Skip the pictures and copy all the data that follows exactly.

— Dataset excerpt —
----
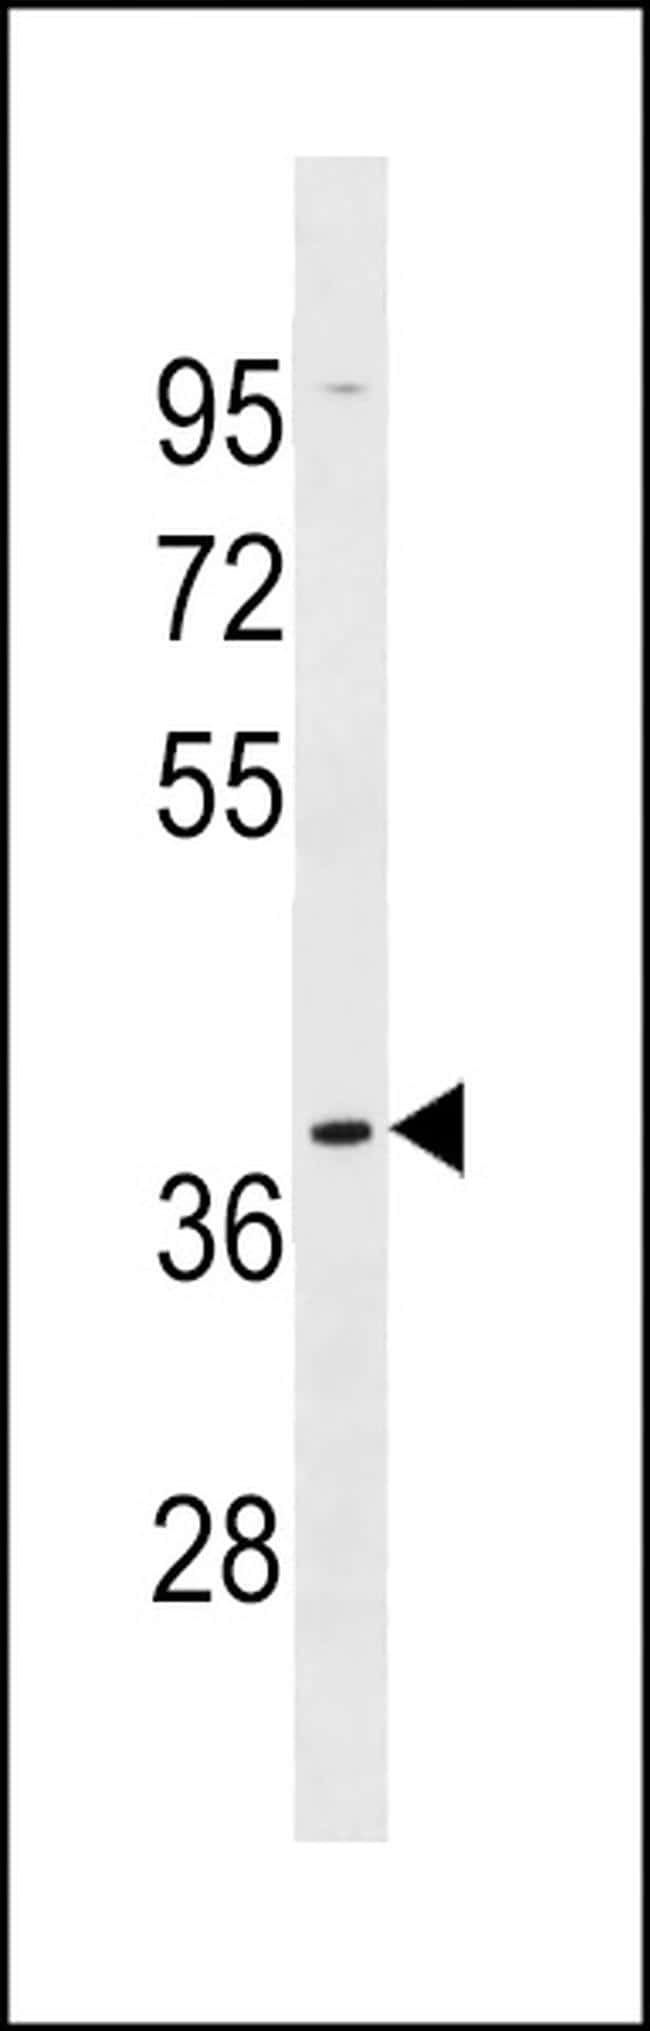 OR5AK2 Antibody in Western Blot (WB)
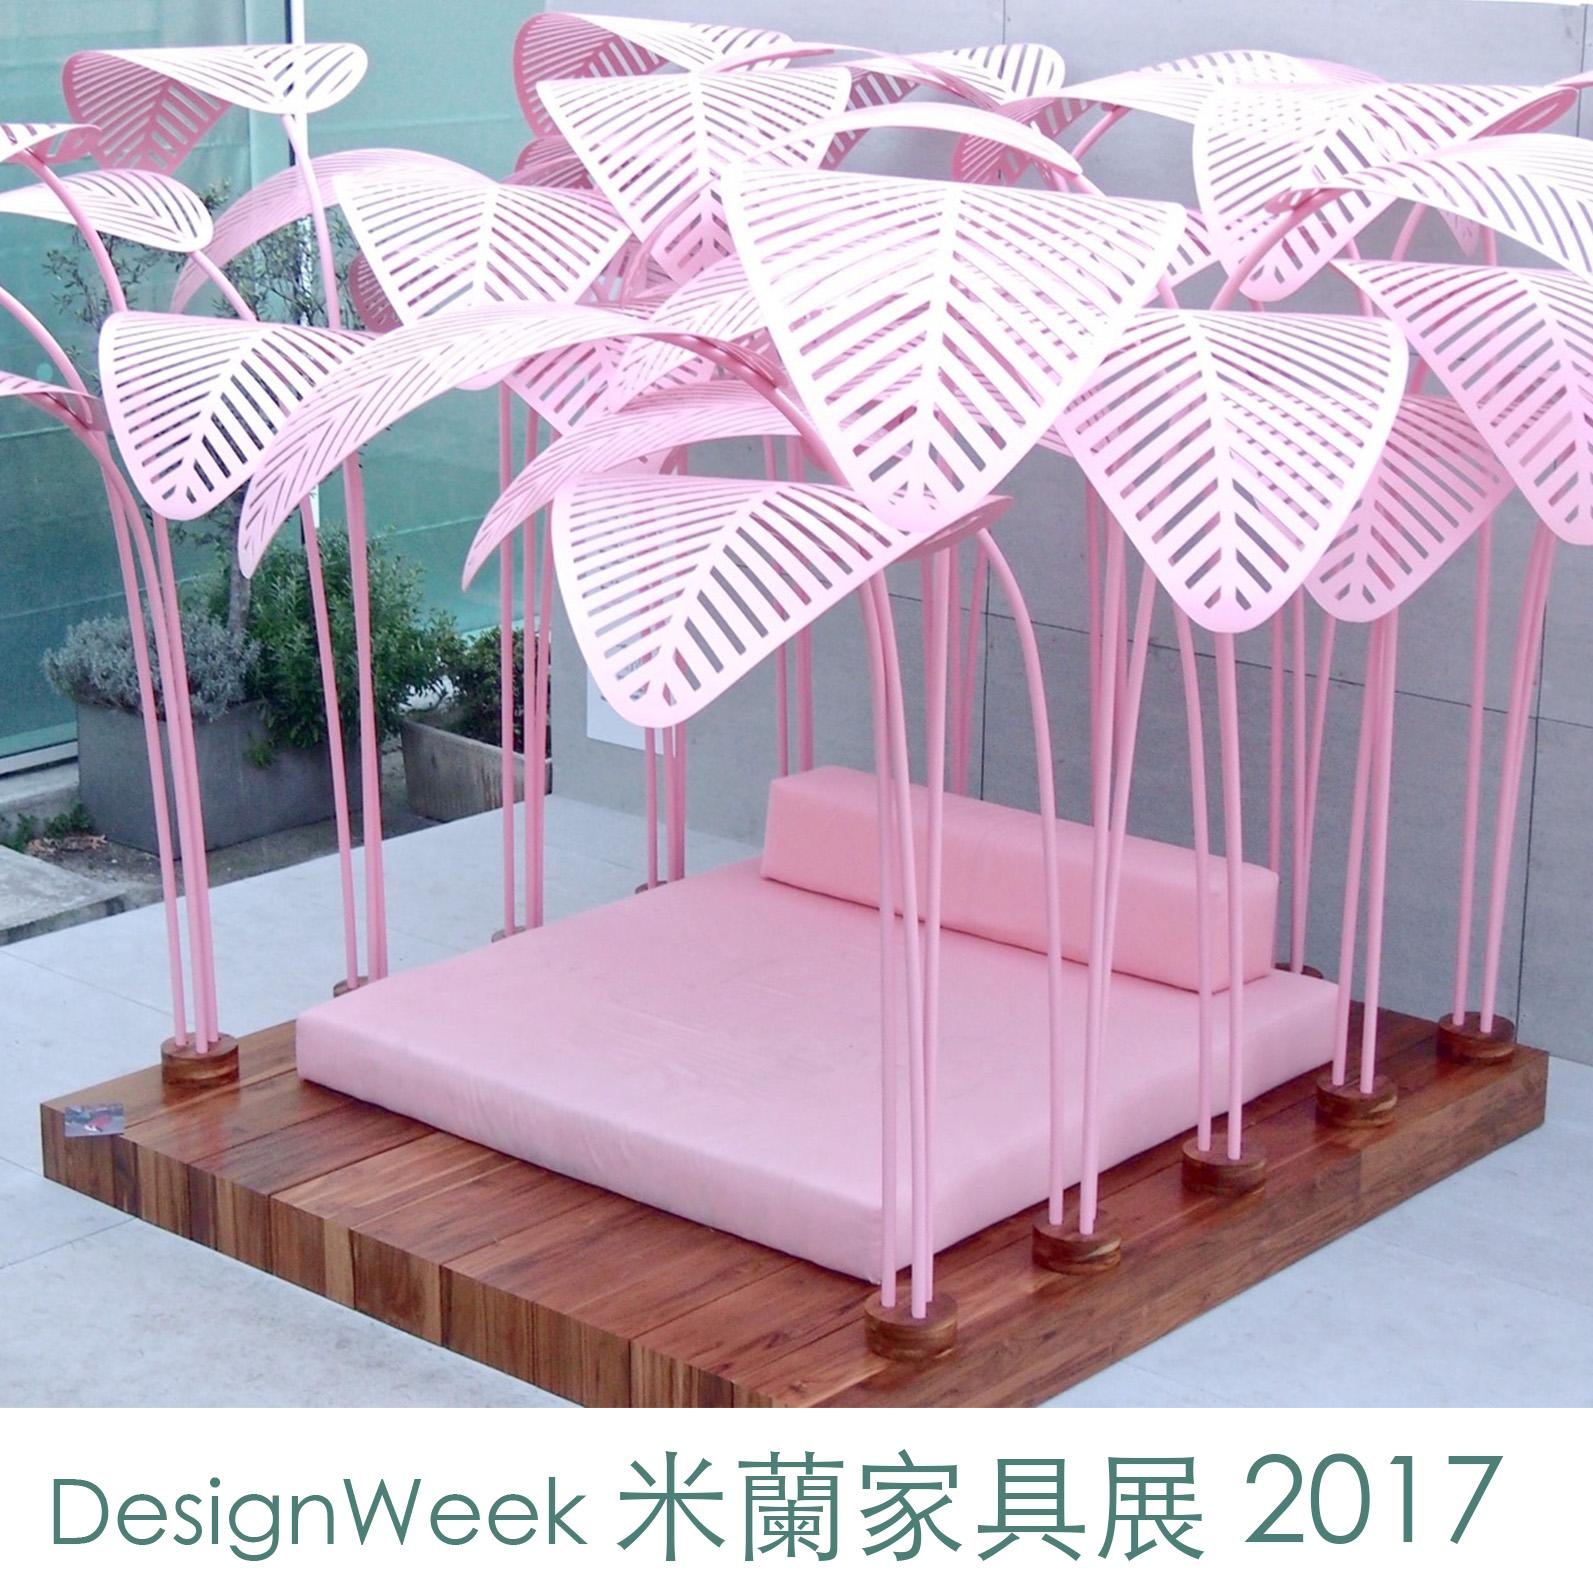 designweeksquare.jpg
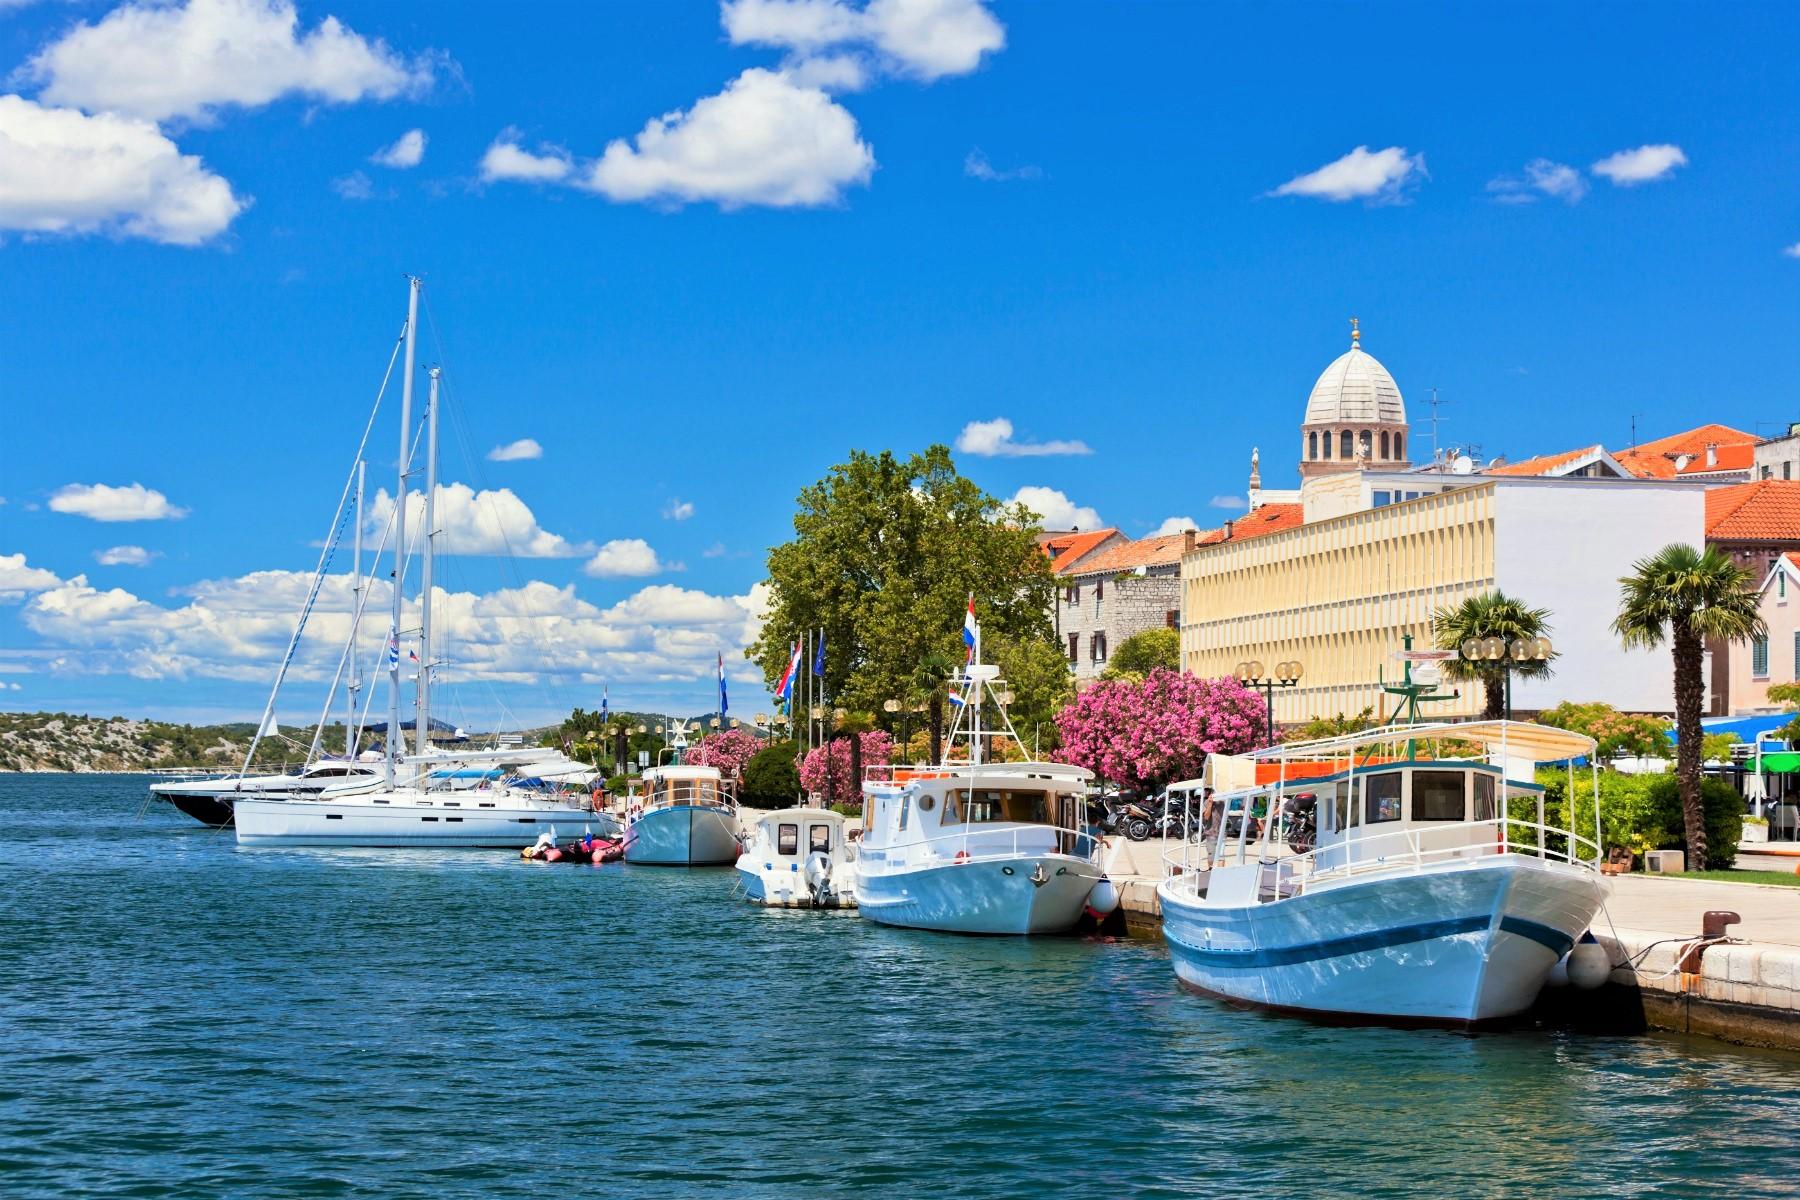 Shibenik Отдых в Хорватии туры хорватию хорватия Отдых в Хорватии — 9 курортных мест Адриатического побережья SHibenik
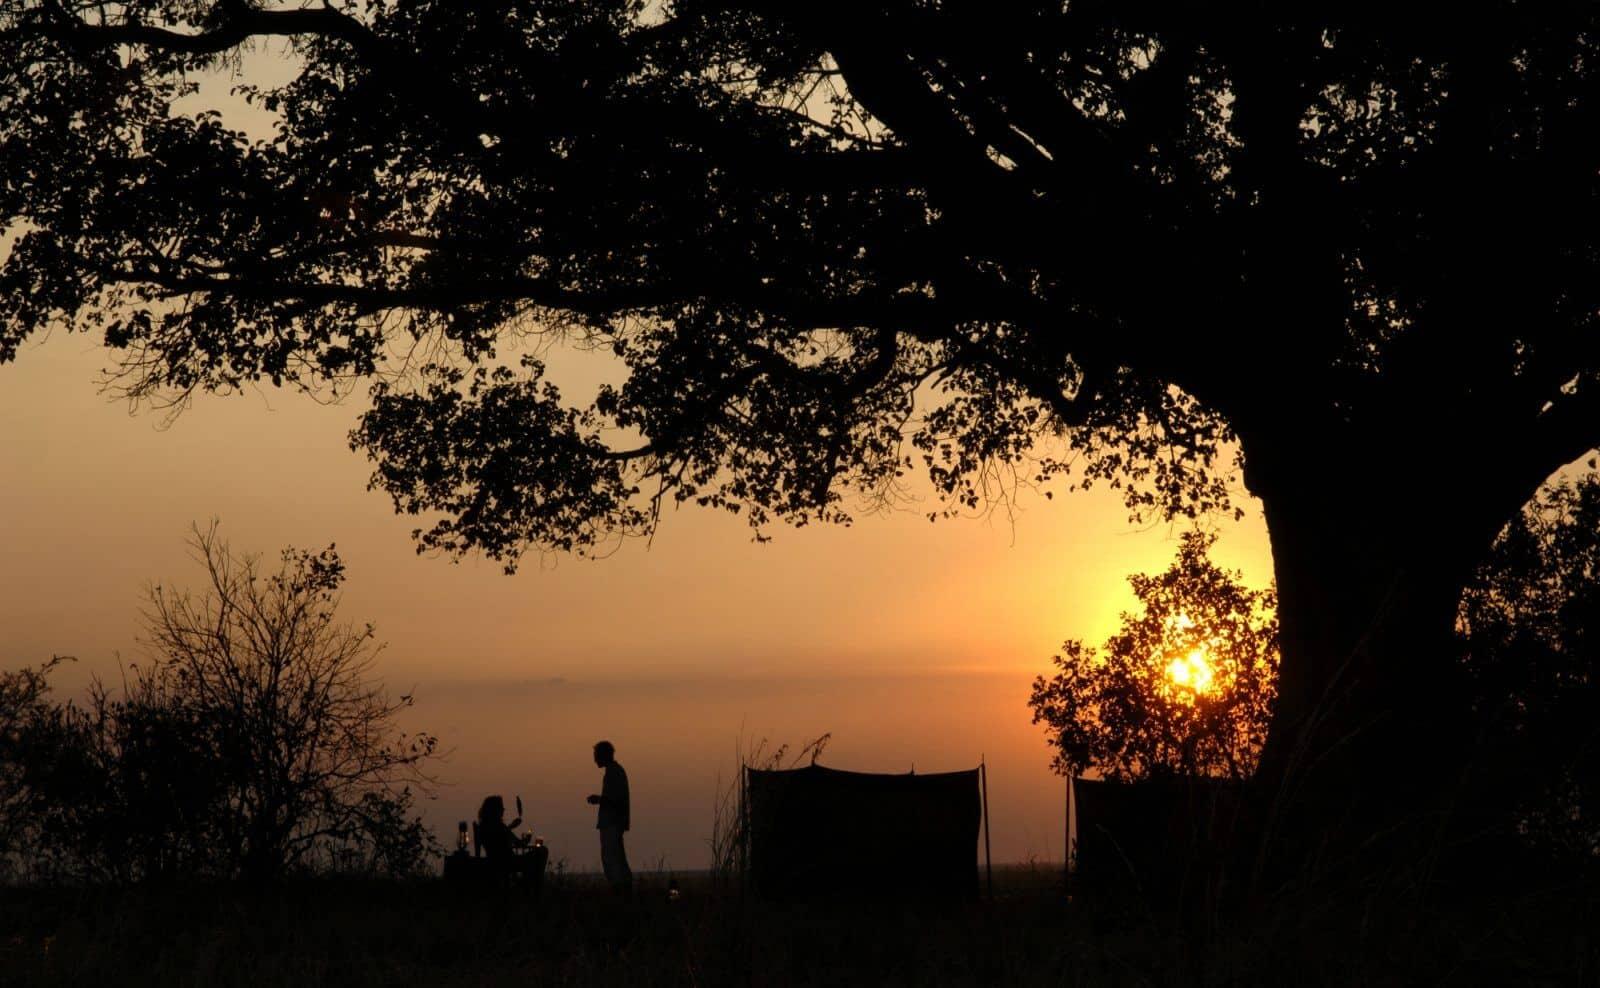 Sunset Chada Katavi © Nomad Tanzania
----
— Written reply —
 OR5AK2 Antibody in Western Blot (WB)
 designweeksquare.jpg
 Shibenik Отдых в Хорватии туры хорватию хорватия Отдых в Хорватии — 9 курортных мест Адриатического побережья SHibenik
 Sunset Chada Katavi © Nomad Tanzania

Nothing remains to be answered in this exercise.